What's available to remotely monitor services? What I'd like is something that can run scripts for each service to connect to a port and verify that it's up, and then send me an SMS message (phone text) to let me know which, if any, are down.

Also, does a script exist that checks all the services listed by chkconfig and reports those that should be up but are down?

Show replies by date

Corey Henderson

27 Nov 27 Nov

11:22 p.m.

On 11/27/2011 4:01 PM, Kenneth Porter wrote:

...

What's available to remotely monitor services? What I'd like is something that can run scripts for each service to connect to a port and verify that it's up, and then send me an SMS message (phone text) to let me know which, if any, are down.

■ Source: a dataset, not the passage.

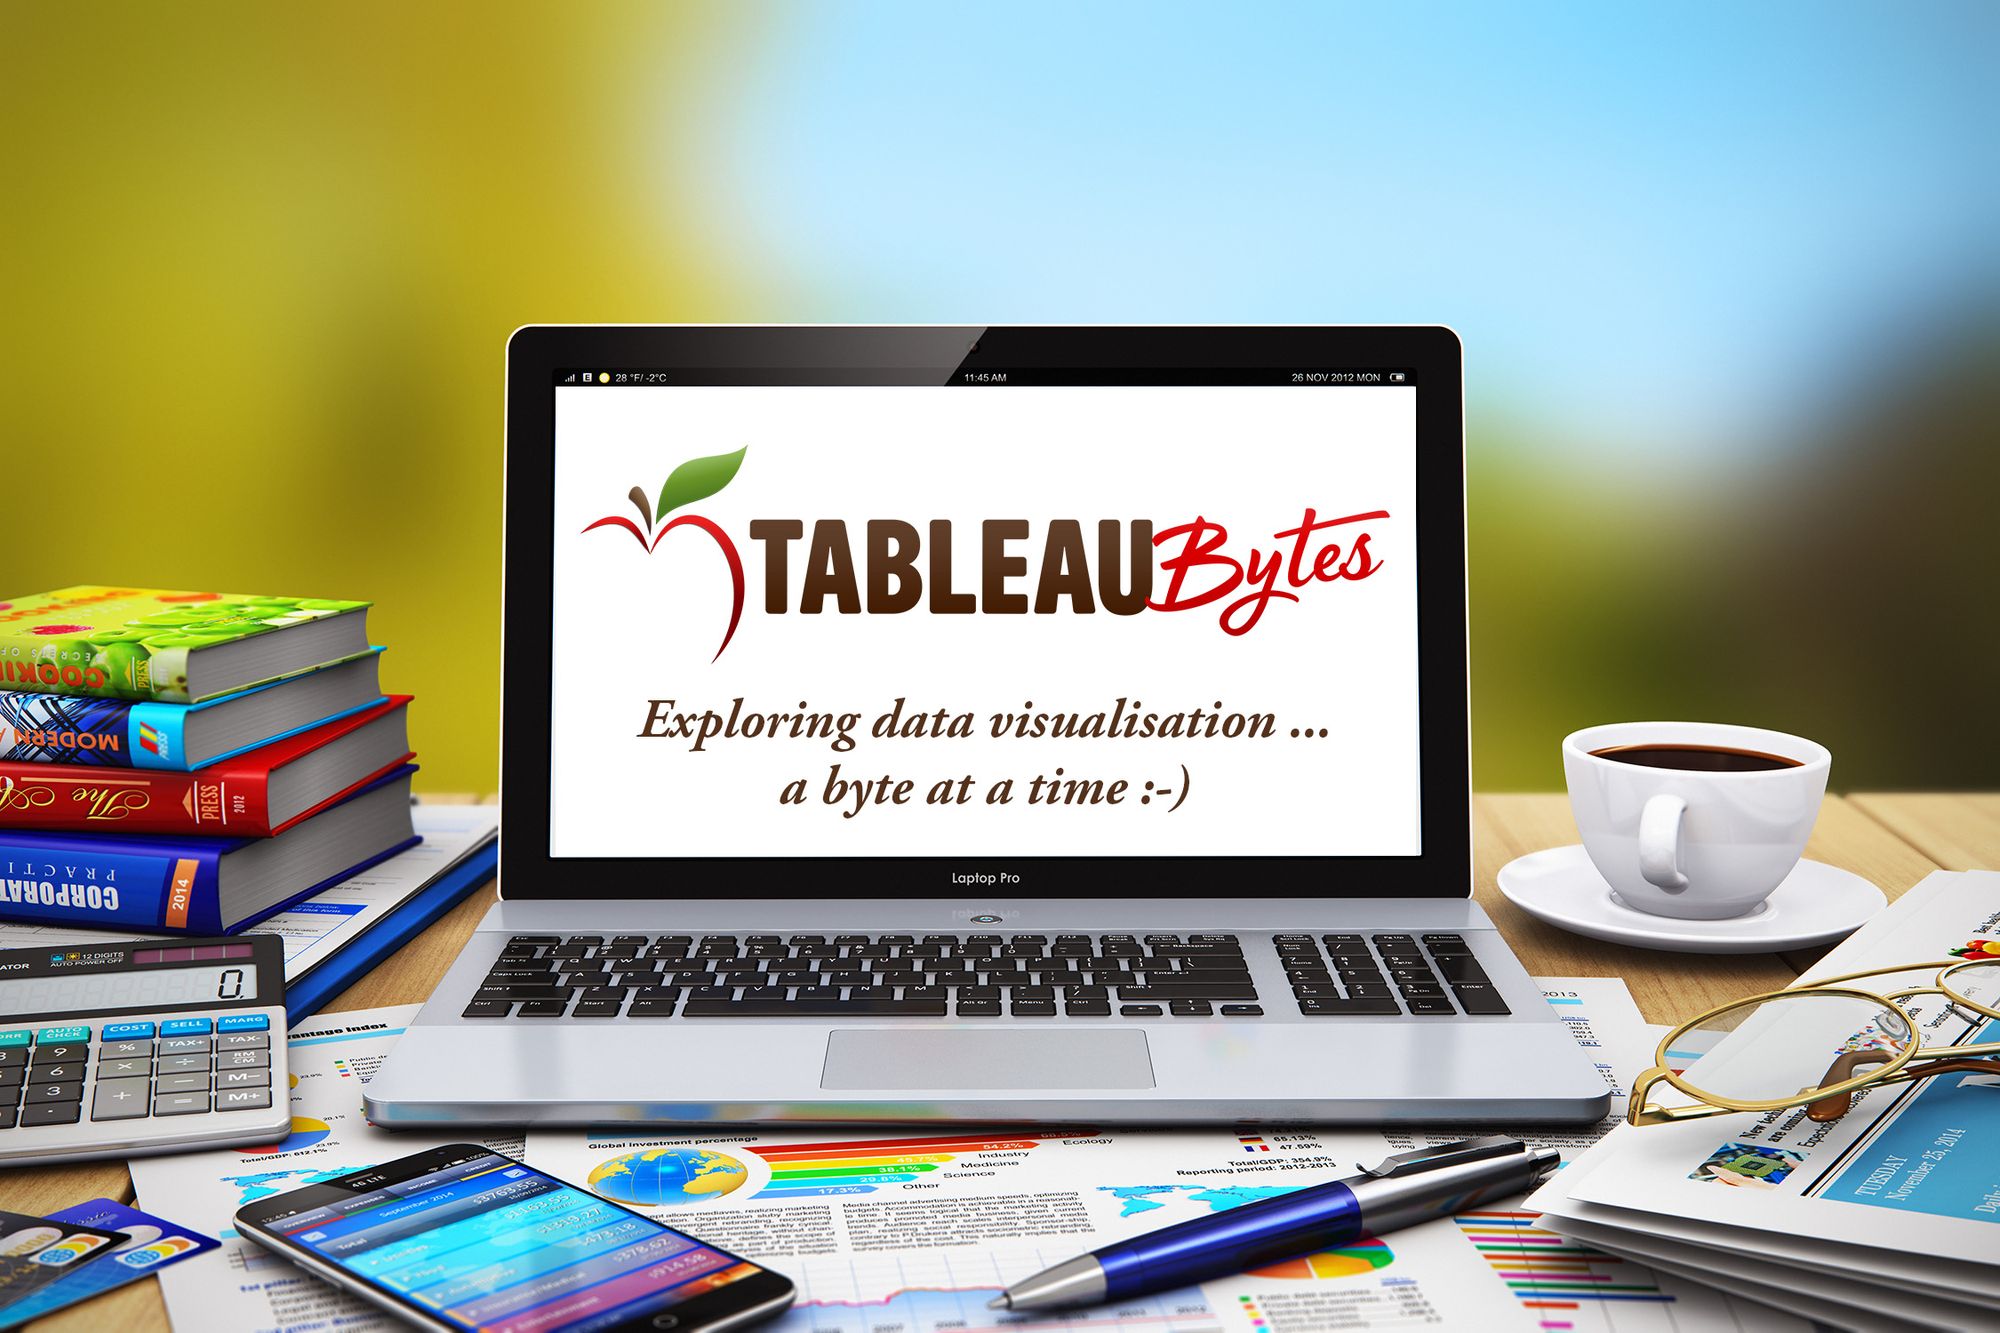 A laptop on a table surrounded by books and items on a desk. The laptop has the TableauBytes logo displayed on the screen.

Nagios ( http://www.nagios.org/ ) is one of the many pieces of software that can do this.

...

Also, does a script exist that checks all the services listed by chkconfig and reports those that should be up but are down?

None that I'm aware of. If you're going to write one, keep in mind that some init scripts list as "on" in chkconfig and run on boot but don't actually launch a process.

Kenneth Porter

11:33 p.m.

--On Sunday, November 27, 2011 4:22 PM -0700 Corey Henderson corman@cormander.com wrote:

...

None that I'm aware of. If you're going to write one, keep in mind that some init scripts list as "on" in chkconfig and run on boot but don't actually launch a process.

True. I was thinking that a script could run "chkconfig --list" to first find the processes that should be running, then run "service $servicename status" on each to look for ones that were down. Alas, I don't think there's a standard for the output, but the oddballs that don't match RHEL's conventions should be few.

Roberto Alvarado

28 Nov 28 Nov

12:11 p.m.

You can try zabbix

www.zabbix.com

On 11/27/2011 08:01 PM, Kenneth Porter wrote:

...

What's available to remotely monitor services? What I'd like is something that can run scripts for each service to connect to a port and verify that it's up, and then send me an SMS message (phone text) to let me know which, if any, are down.

Also, does a script exist that checks all the services listed by chkconfig and reports those that should be up but are down? _______________________________________________ CentOS mailing list CentOS@centos.org http://lists.centos.org/mailman/listinfo/centos

Paul Heinlein

6:35 p.m.

On Sun, 27 Nov 2011, Kenneth Porter wrote:

...

What's available to remotely monitor services? What I'd like is something that can run scripts for each service to connect to a port and verify that it's up, and then send me an SMS message (phone text) to let me know which, if any, are down.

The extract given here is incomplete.